Assessing the Look of “Digital Journeys”

THEMES

When I first starting using WordPress blogs for both my COETAIL course and my classroom I experienced stress in trying to figure out what would be the best theme to use. I wanted to show some personality by finding something beyond the default theme but would also become intimidated by some of themes and unfamiliar terms and options. And if I did like a theme occasionally it would require some HTML coding to make changes and I just didn’t have the experience or time to figure that out. I would just end up going back to the default theme.

ASSESSING VISUAL HIERARCHY

When I reviewed the assignment to redesign a blog or website I first started thinking about how to update my own COETAIL blog. I remember spending quite a bit of time last spring trying to figure out the best theme for my blog…well, at least one that appealed to me. I now realize I seemed to be concerned with how “Comments” displayed and what colors showcased my header (which is my own photograph). I now realize that may have not been the best focus. Brandon Jones’ simple statement about visual hierarchy reminded me that my blogs should be designed for my intended audience.

Good visual hierarchy isn’t about wild and crazy graphics or the newest Photoshop filters; it’s about organizing information in a way that’s usable, accessible, and logical to the everyday site visitor.
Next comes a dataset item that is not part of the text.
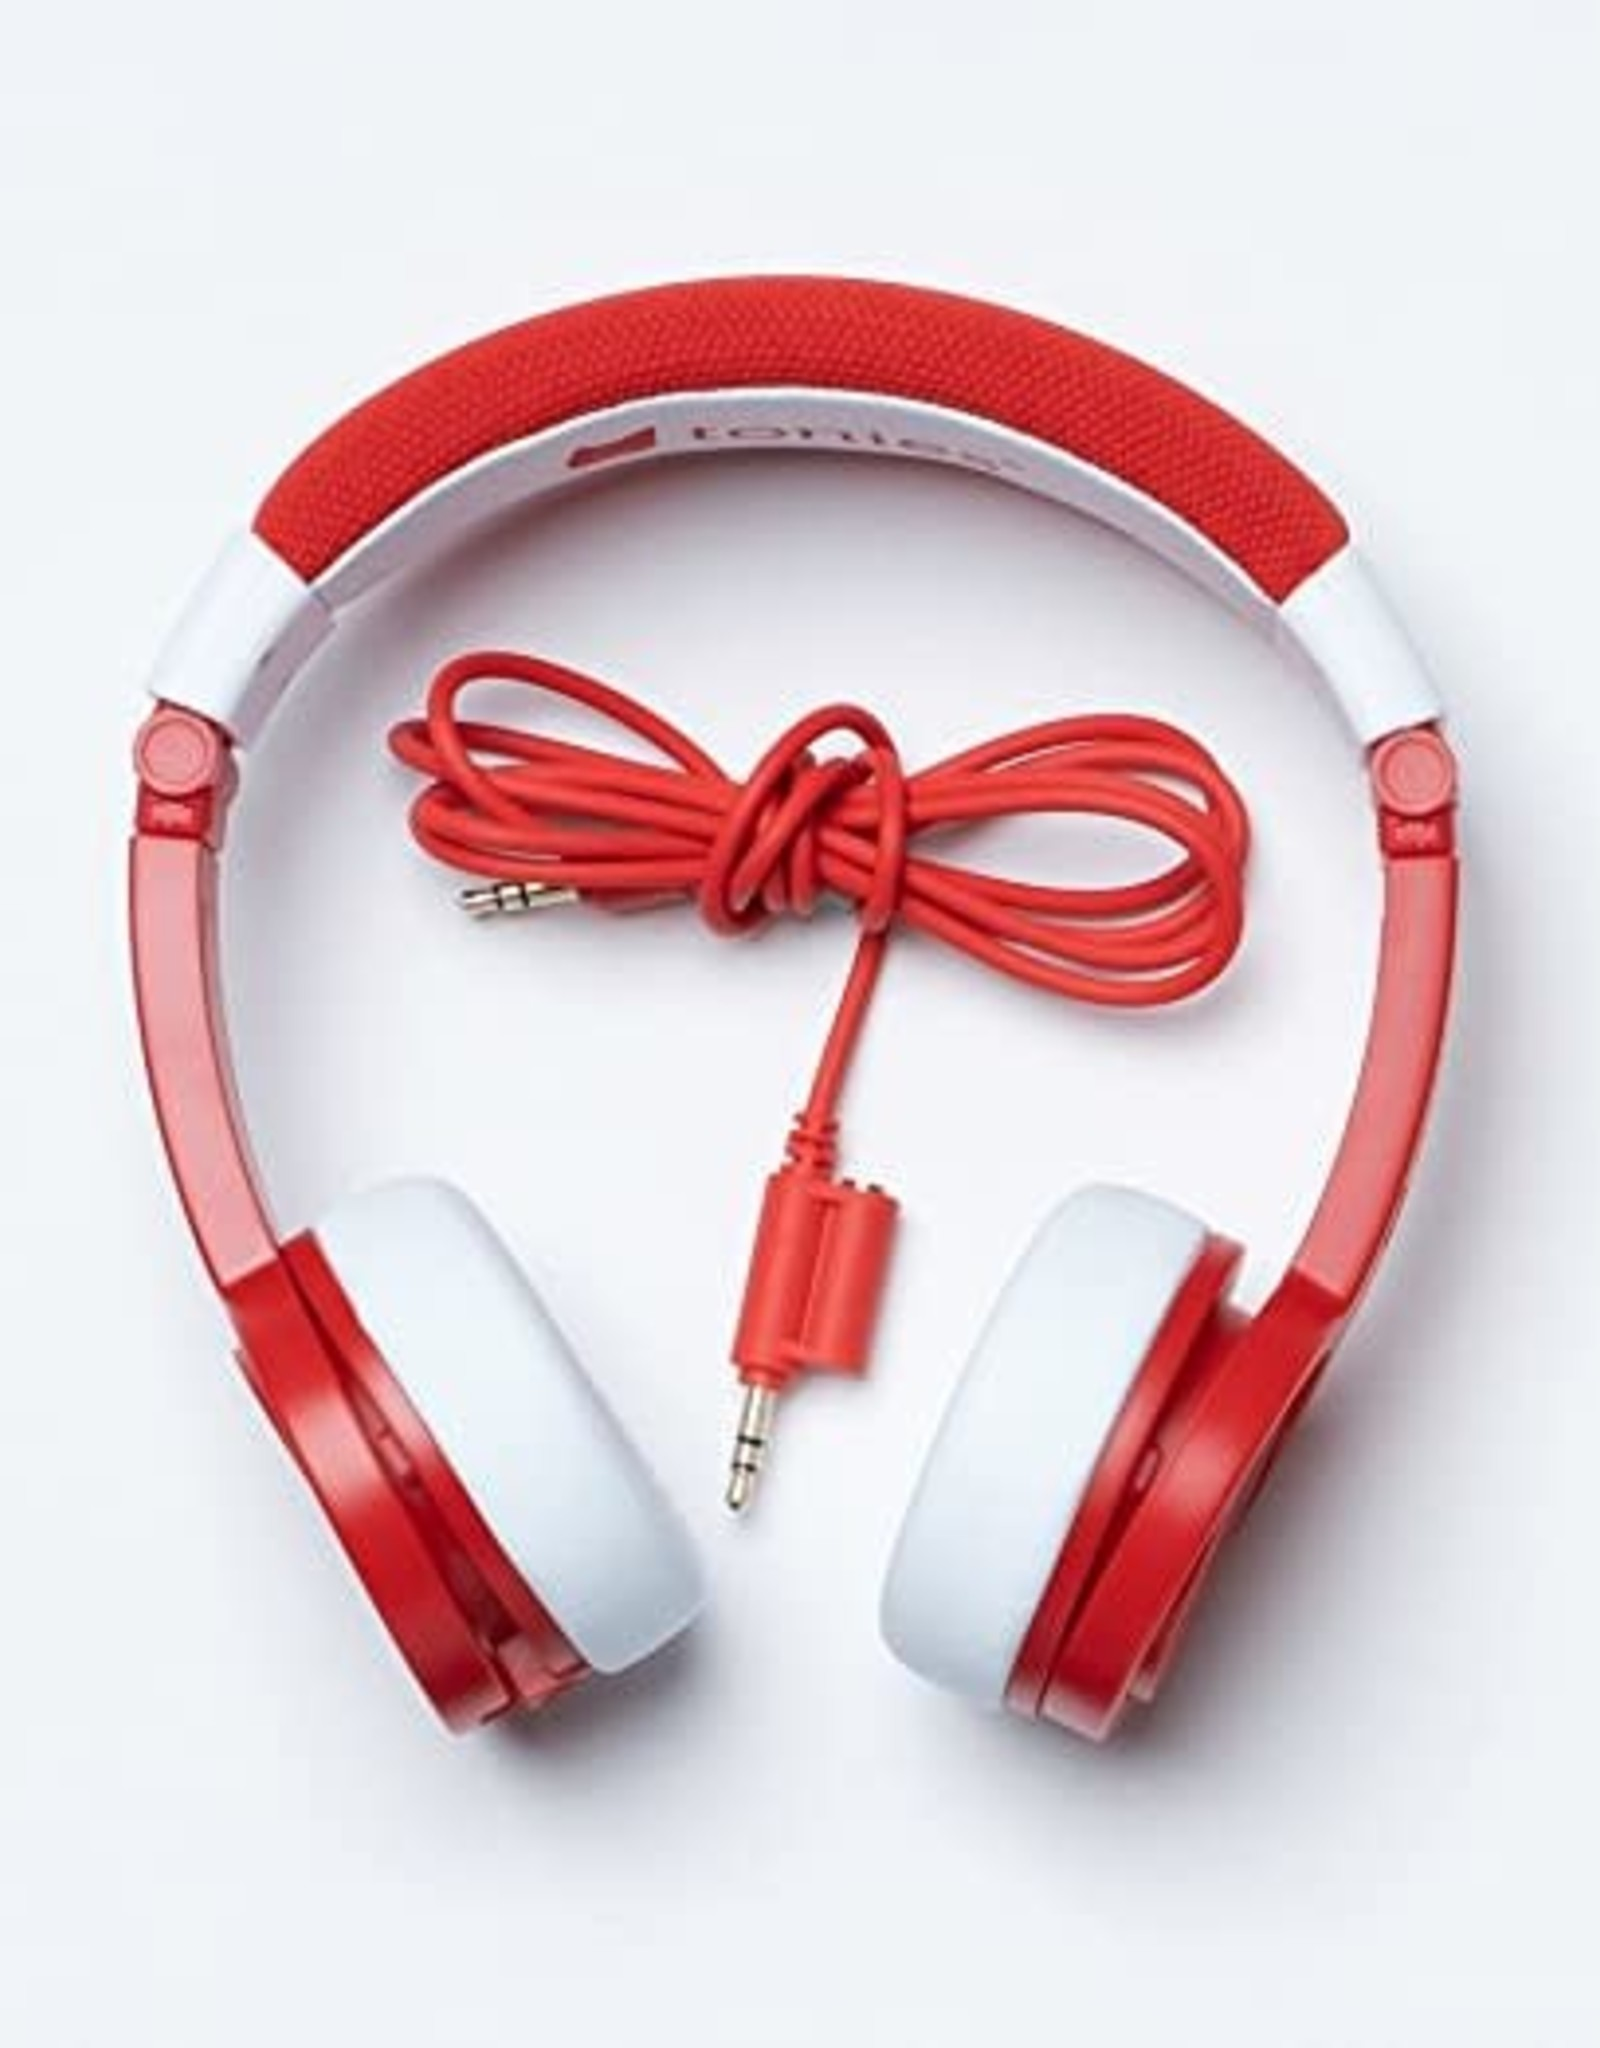 RED HEADPHONES TONIES

Keeping that in mind and reassessing my COETAIL blog, I think my widgets and side bar are in a logical and accessible order. However, I could make a few changes so the hyperlinks are not such a glaring orange and consider if the white text on black background is the best for those who visit my blog.
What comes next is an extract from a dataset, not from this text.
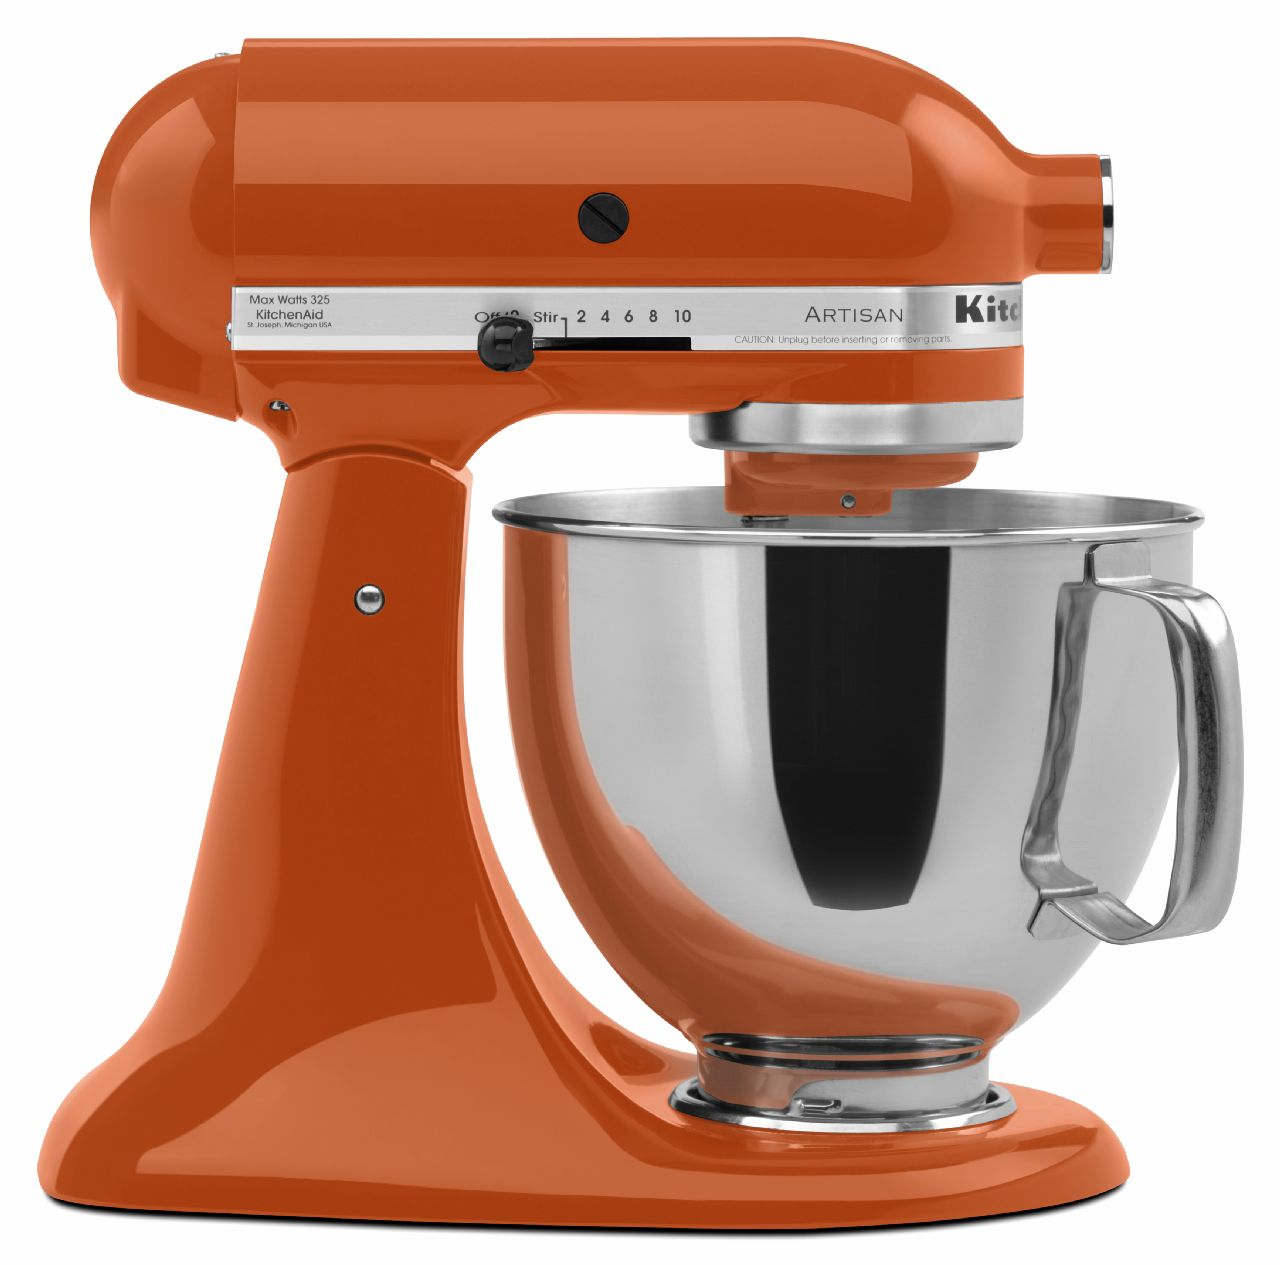 KitchenAid KSM150PSPN Artisan Series 5-Quart Stand Mixer, Persimmon

CHUNKING IT OUT FOR MY READERS

Brandon Jones also reminded me that how I organize the text in my blog impacts how long my readers will stick with reading it. Basically, Jones states that if viewers are given “a massive block of information, chances are that 99 out of 100 people won’t bother to read it…Because most people are inherently visual thinkers, not data processors.” Usability expert Jakob Nielsen supports this outlook with the idea of information foraging. Michael Agger sums up Nielsen’s idea of information foraging in this article “Lazy Eye: How we read online”:

Humans are informavores. On the Internet, we hunt for facts. In earlier days, when switching between sites was time-consuming, we tended to stay in one place and dig. Now we assess a site quickly, looking for an ‘information scent.’ We move on if there doesn’t seem to be any food around.

I’ve experienced this myself in looking at various blog posts and articles for both academic and personal interests. Although I know the author has spent time and effort to produce this piece of writing, I am aware I have many other choices and find myself moving on quickly if I can’t get a sense of what I’m going to read in a short amount of time. I have to remember that this is happening to me as well. Most of my reflections can be quite extensive pieces of texts. One way to help my audience is to make better use of subtitles (as I am doing with this reflection). Just as I teach students to skim titles and subtitles before reading a text, I should expect that visitors to my blog are doing the same and quickly making a decision whether or not to delve deeper into my writing.

SUMMING IT UP

At the end of his article, Brandon Jones gives a simple assessment to test visual hierarchy of a website or project. It basically comes down to one question.

Does the design emphasize what is important to the viewers?

Brandon Jones concludes with regards to the “tsunami of visual information” we regularly encounter…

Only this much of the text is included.